By 3-4 years of age the right side of the brain is developed. The left brain, on the other hand, doesn’t fully mature until children are approximately seven years old. Of course, both sides of the brain are important, and the first 7 years of development are critical.
The left brain’s functionality is one of language, numeracy, literacy, analysis and time. It is the logical, calculating, planning, busy-bee part of us that keeps us anchored in the world, and in past and future time.
The right brain, on the other hand, is responsible for empathy, intuition, imagination and creativity. It is where we wonder, dream, and connect. Through the right brain we dwell in the space of no-time, in being absolutely present. The right brain is concerned with the process and the left brain is all about the outcome.
The right brain connects us to our boundless sense of being and not just doing. Right-brain dominant children are quite content being and not always “doing”.
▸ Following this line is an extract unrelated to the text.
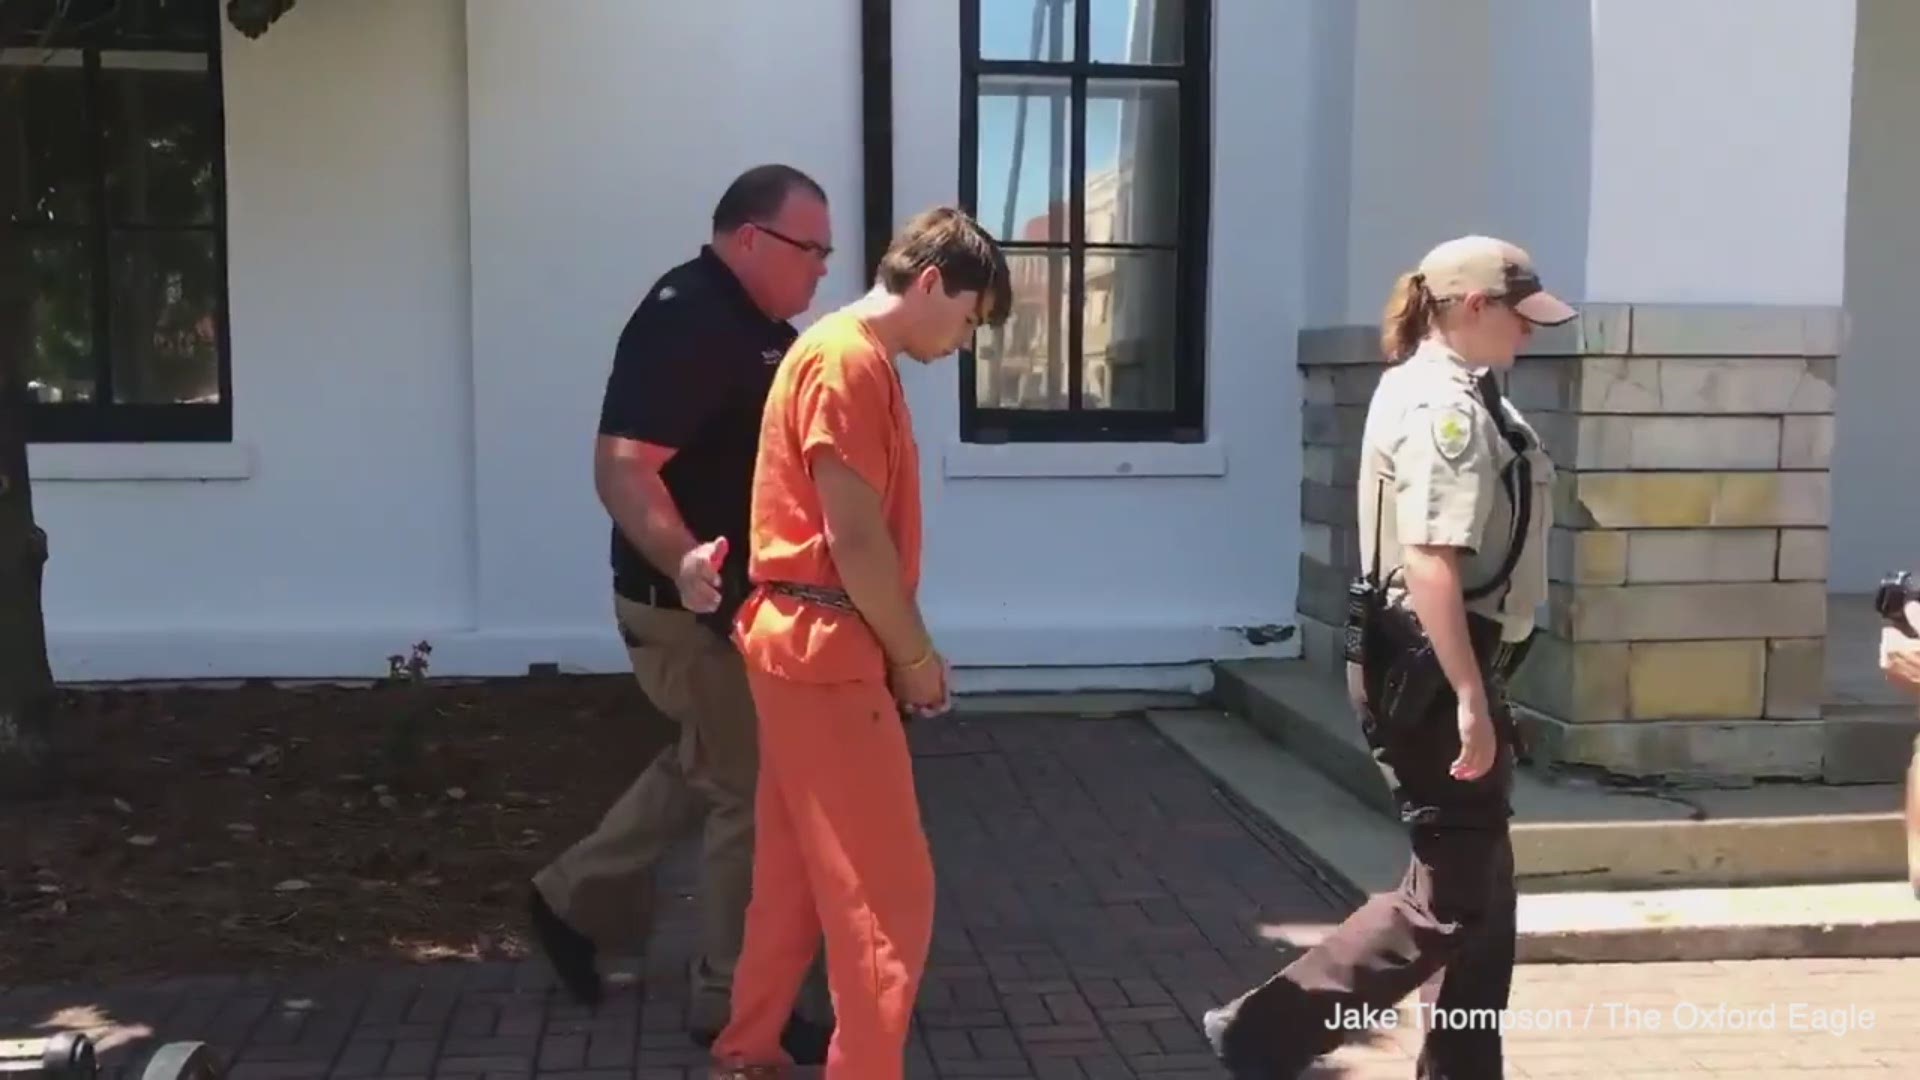 Brandon Theesfeld, of Fort Worth, is seen leaving the Lafayette County Courthouse after his first court appearance in connection to the death of 21-year-old Alexandria "Ally" Kostial.
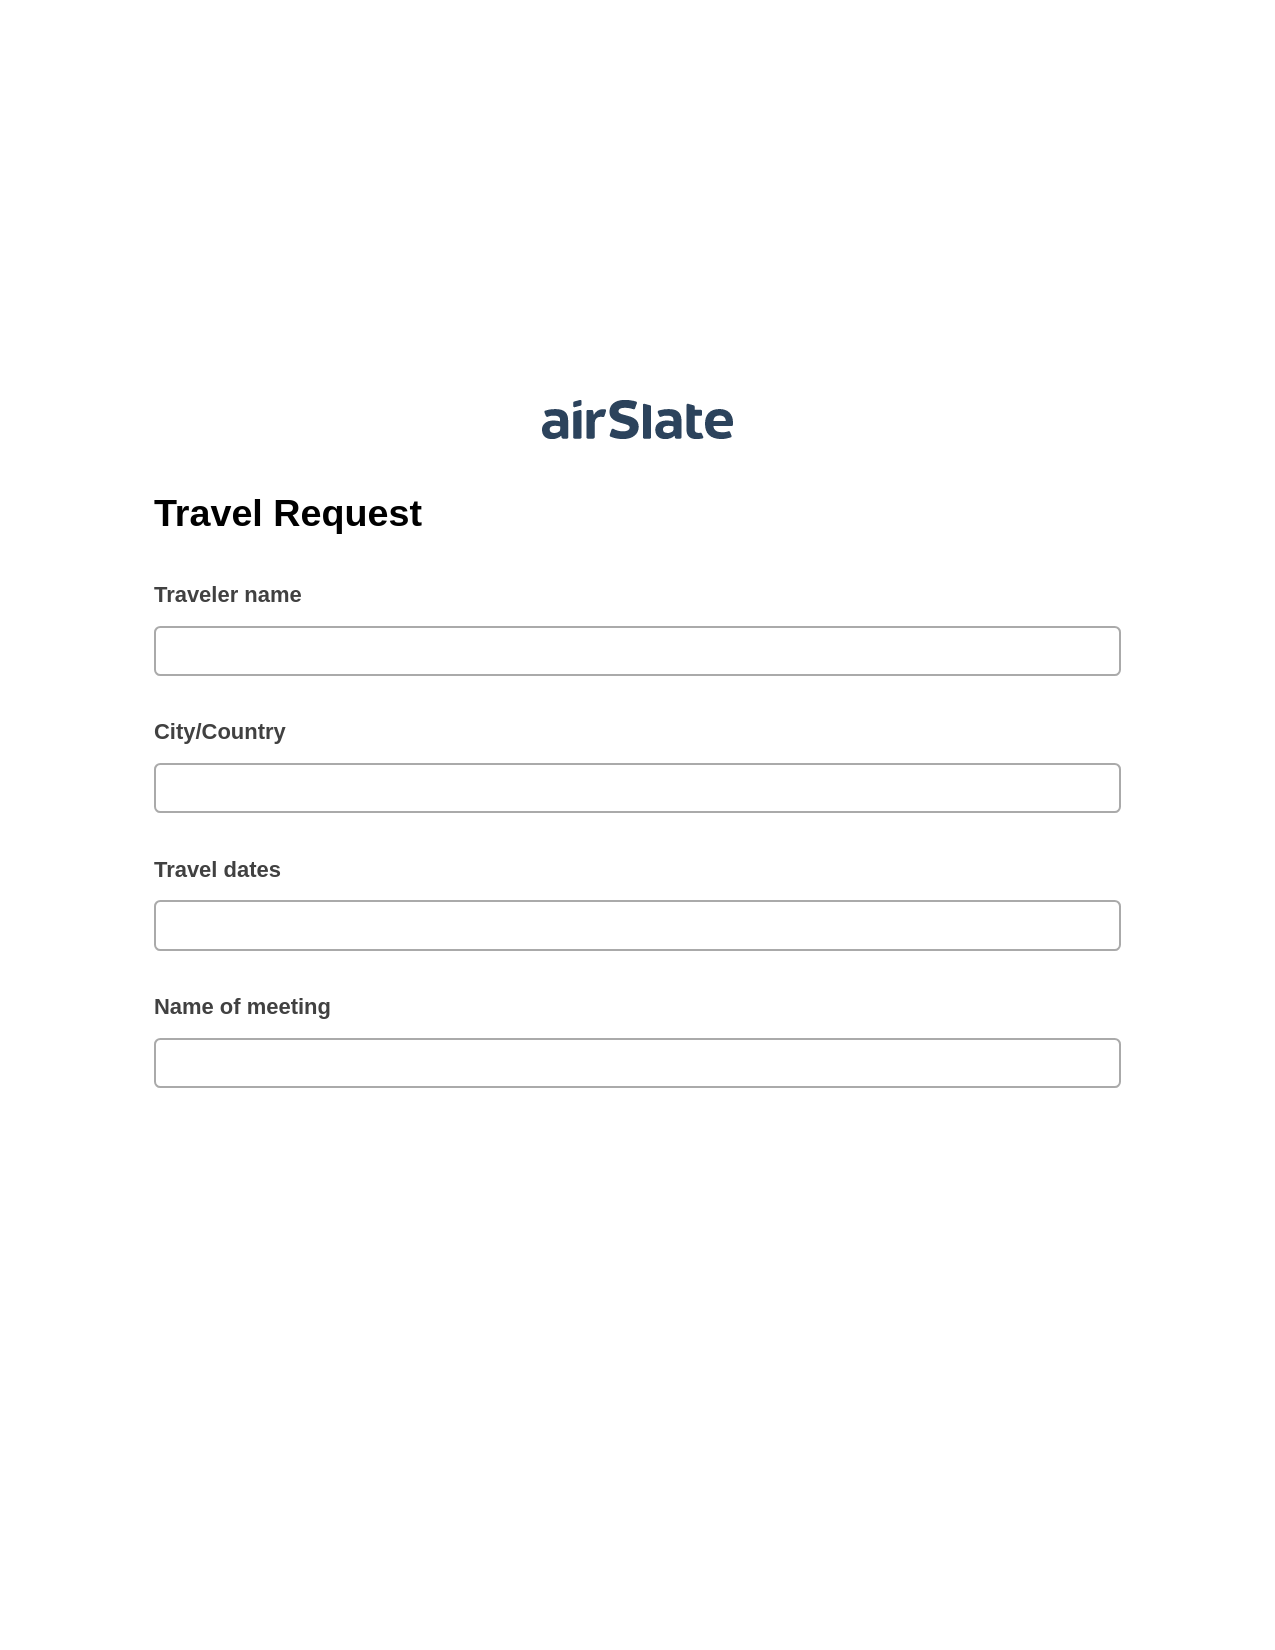 Travel Request Pre-fill Document Bot, Email Notification Bot, Export to Formstack Documents Bot

Understanding this we can better appreciate why play is so important in child learning and development, and why we need to be extra careful with the amount and timing of academic agendas created for children. We should think about how much we emphasize WHAT kids have accomplished at school—versus the process—who they are becoming and what they feel in their explorations.
In conclusion, it may be important to teach early on the wealth of information that is learned as children play in the early years. Point out how they feel when events take place as they play or how actions lead to outcomes and they can be a part of changing the outcome. These foundational qualities of the right brain will then serve the left brain as it later focuses on outcomes.